Could you output the listing that follows exactly, without its images?

++++ Exercise data ++++

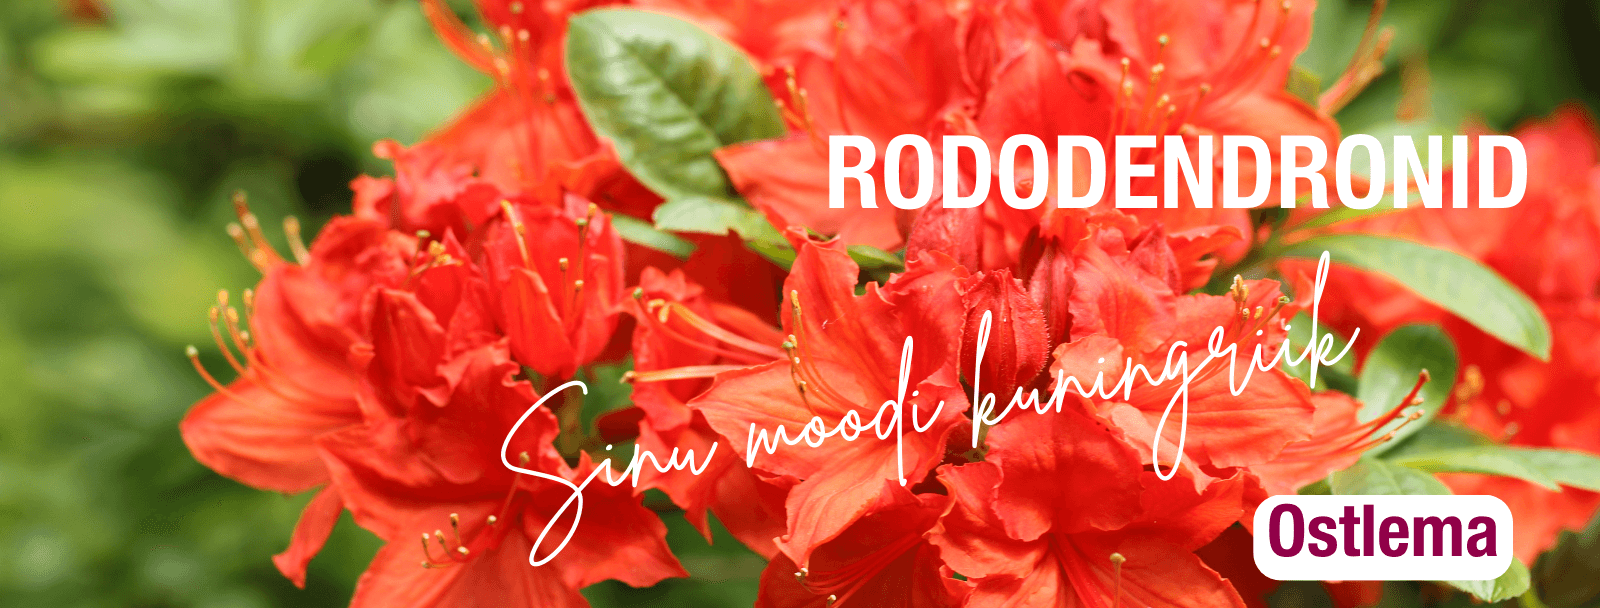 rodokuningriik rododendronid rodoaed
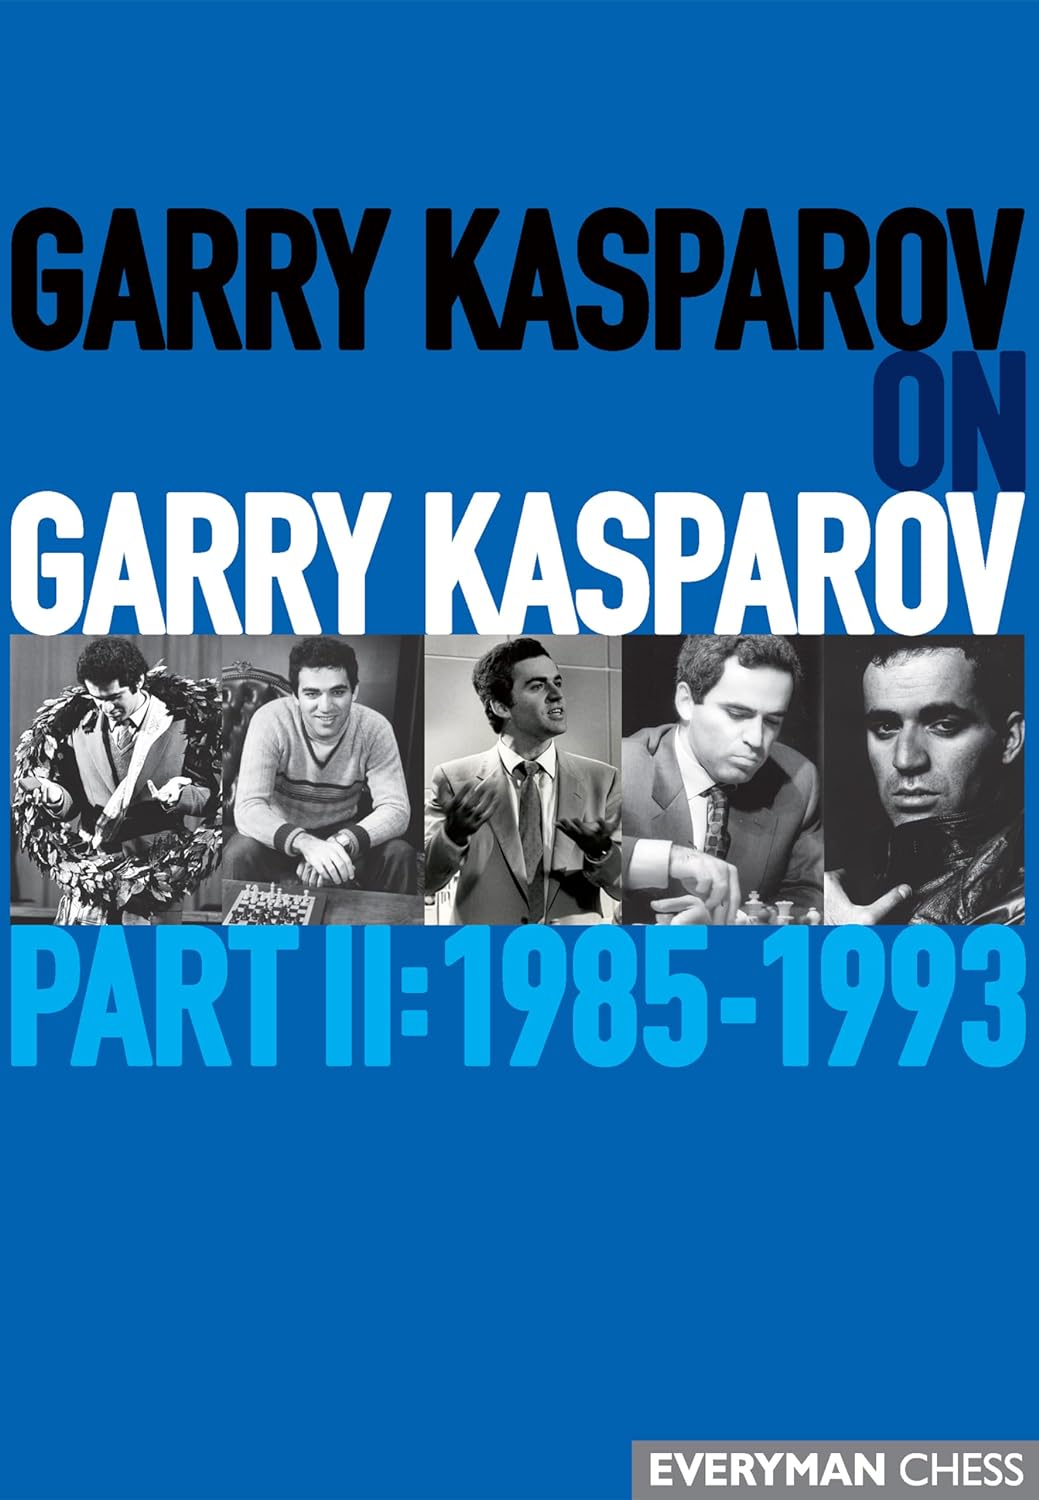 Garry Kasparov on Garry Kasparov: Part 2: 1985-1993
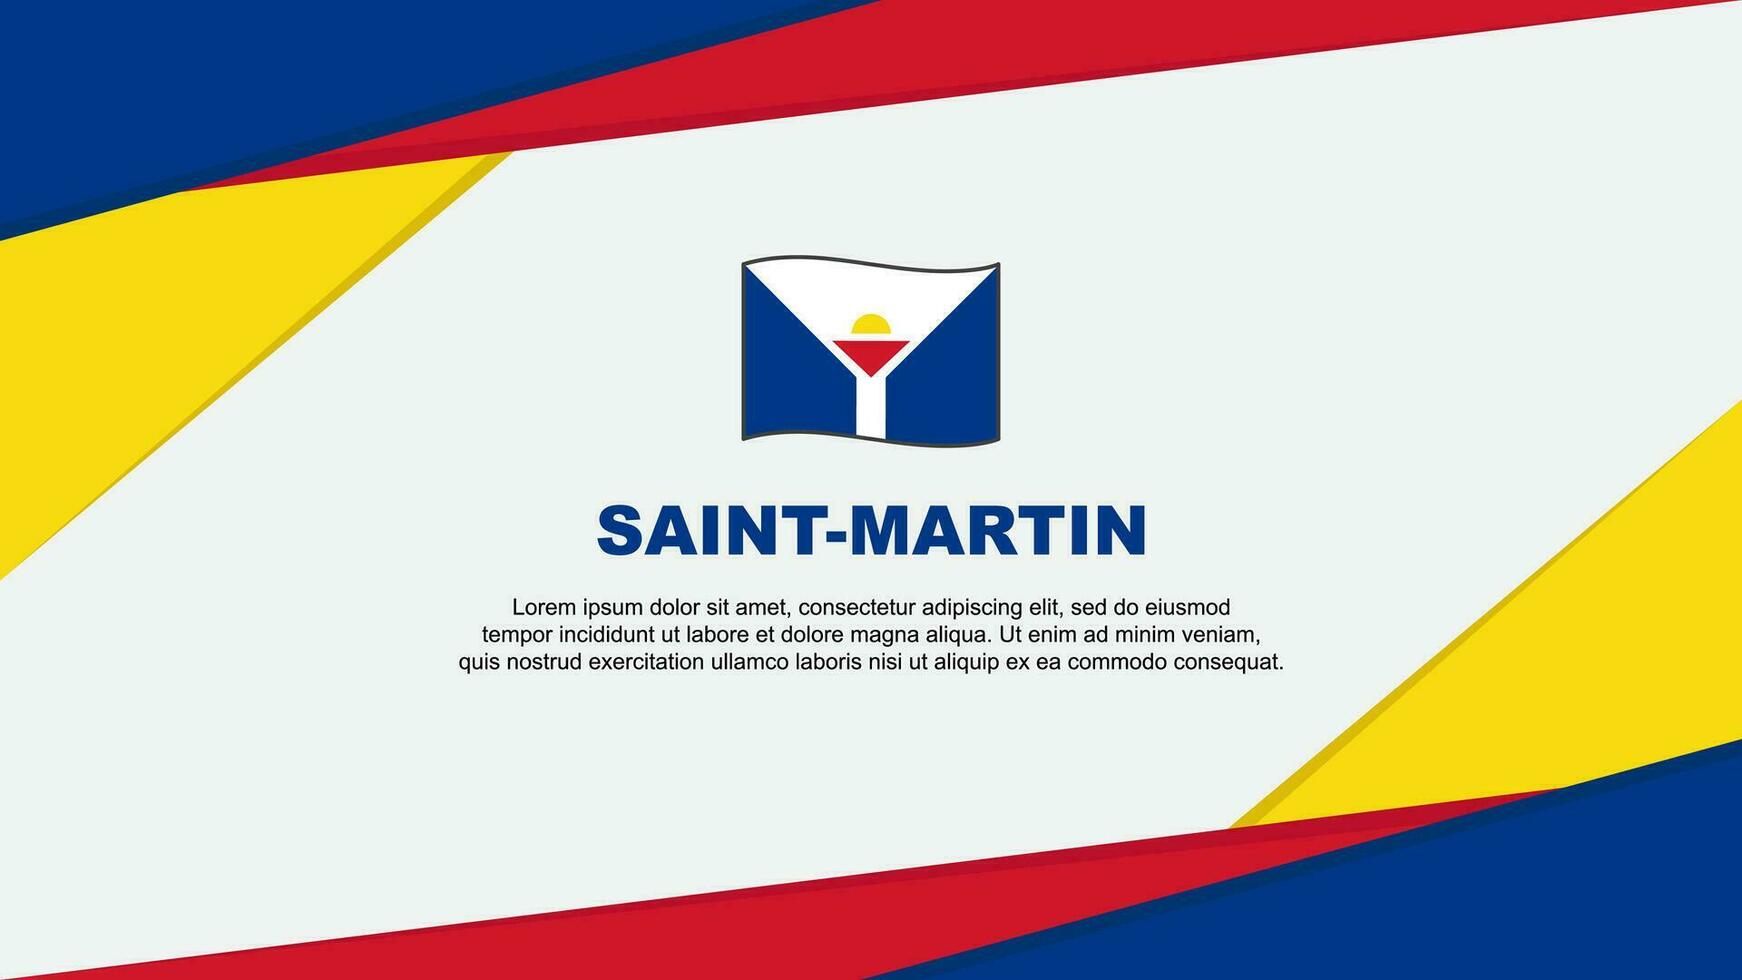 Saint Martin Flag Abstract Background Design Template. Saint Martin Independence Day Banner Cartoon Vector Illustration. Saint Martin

++++

■ The answer:
 rodokuningriik rododendronid rodoaed
 Garry Kasparov on Garry Kasparov: Part 2: 1985-1993
 Saint Martin Flag Abstract Background Design Template. Saint Martin Independence Day Banner Cartoon Vector Illustration. Saint Martin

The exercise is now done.